November 13, 2009 / 12:00 PM / 10 years ago

Some Sri Lankan asylum seekers leave Australia ship

TANJUNG PINANG, Indonesia (Reuters) - Twenty-two Sri Lankan asylum seekers voluntarily left an Australian customs ship in Indonesian waters on Friday after Canberra offered assurances of swift resettlement to end a politically sensitive standoff.

Australian Prime Minister Kevin Rudd’s approval rating has been dented by the impasse over the 78 ethnic Tamils, who have up until now refused to leave the Oceanic Viking customs vessel because they wanted to have their refugee claims processed.

The 22 men, wearing helmets and life jackets, were evacuated into a rubber boat before being taken by a ferry to the Tanjung Pinang immigration detention centre on Bintan island.

An Indonesian foreign ministry representative said by telephone that the Sri Lankans had voluntarily left the vessel after a guarantee from Canberra that they would be transferred to Australia in no more than four weeks.

Indonesia had given a three-month deadline for the remaining group of Sri Lankans to remain, said Sujatmiko, who like many Indonesians goes by one name.

“After that it’s up to them whether they go to Australia, return home, or get assistance finding a third country. But after the deadline, we want Australia to resolve this matter,” he said.

Earlier this week, Australian officials had written to the asylum seekers and promised to resettle them within four weeks if they were found to have genuine refugee claims.

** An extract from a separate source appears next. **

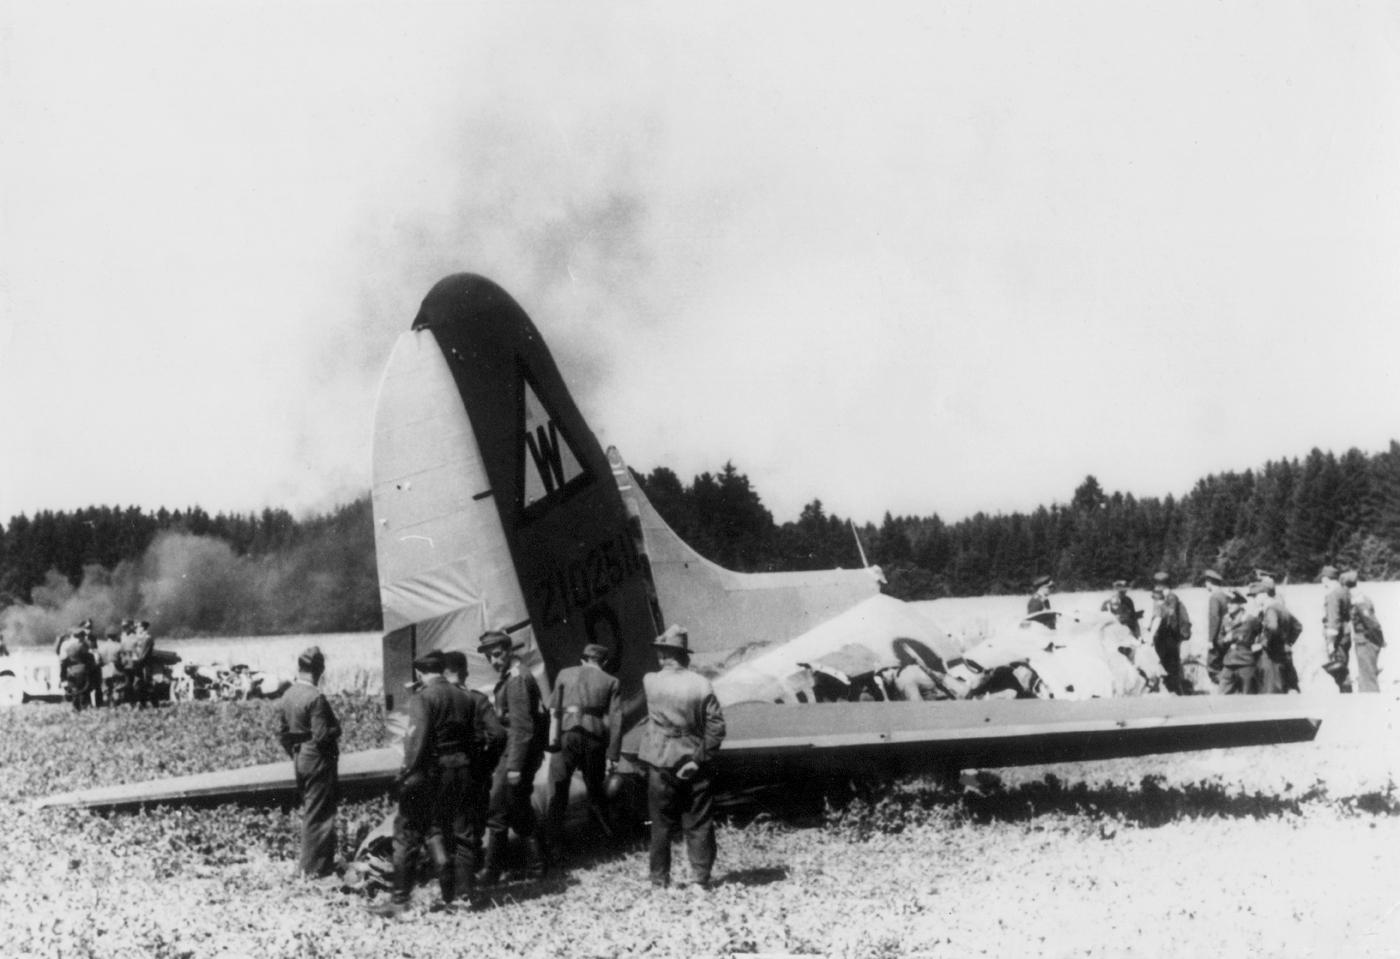 B-17 #42-102511

Australia will also help those on board the patrol ship to lodge refugee claims through the United Nations, as long as they remain in a refugee camp in Indonesia during the process.

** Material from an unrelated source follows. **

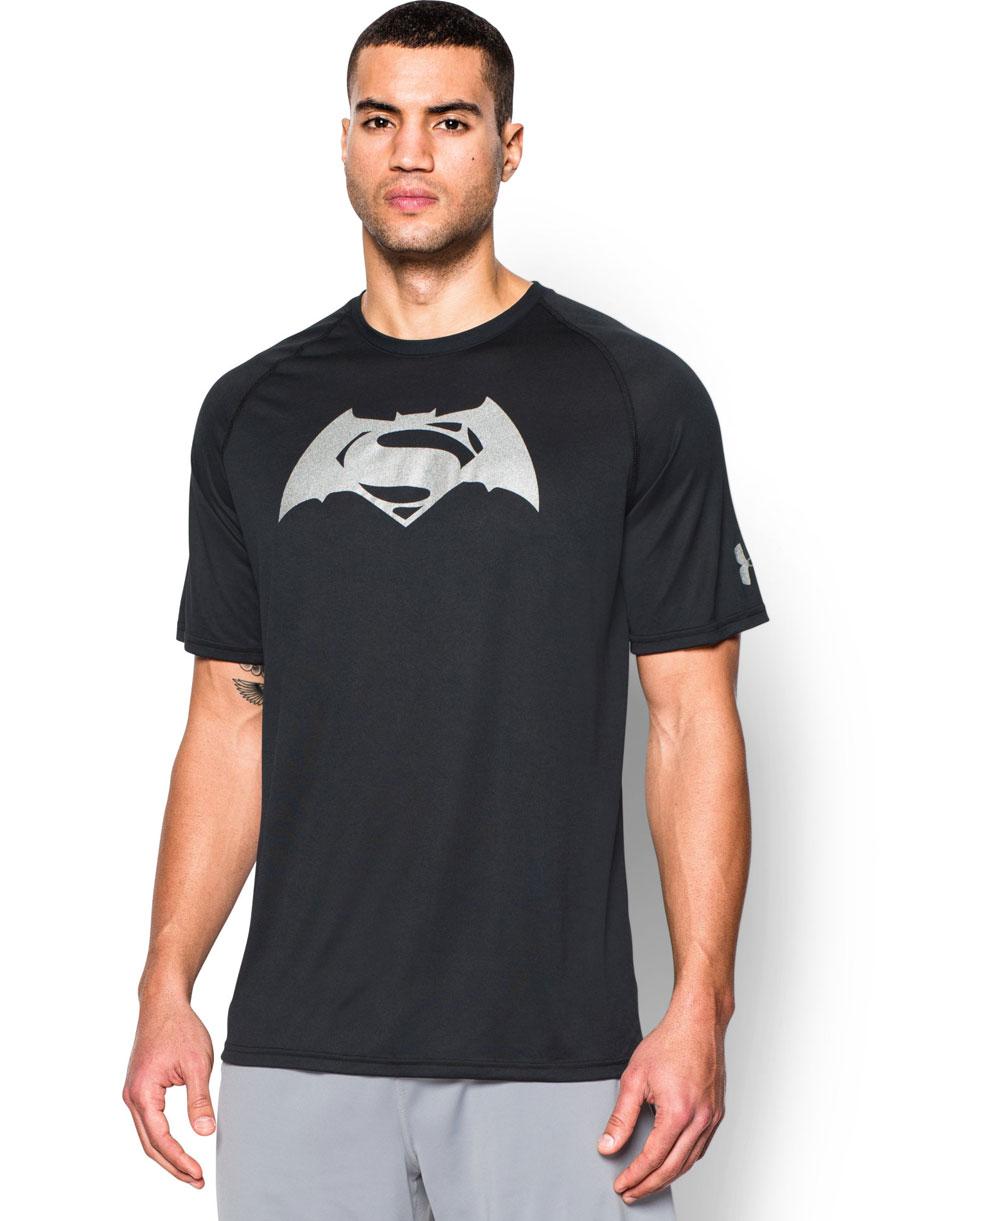 Afholte Under Armour Men's Short Sleeve T-Shirt Alter Ego Batman Vs Superma... OH-79

Since January, 39 boats with 1,890 people have arrived in Australian waters. Australia’s immigration detention centre on remote Christmas Island in the Indian Ocean is full with 1,151 people having refugee claims assessed.

Rudd has strongly defended his border protection policies and said the influx of boats is due to the end of the civil war in Sri Lanka. But critics say softer laws introduced by his centre-left government have encouraged the new wave of arrivals.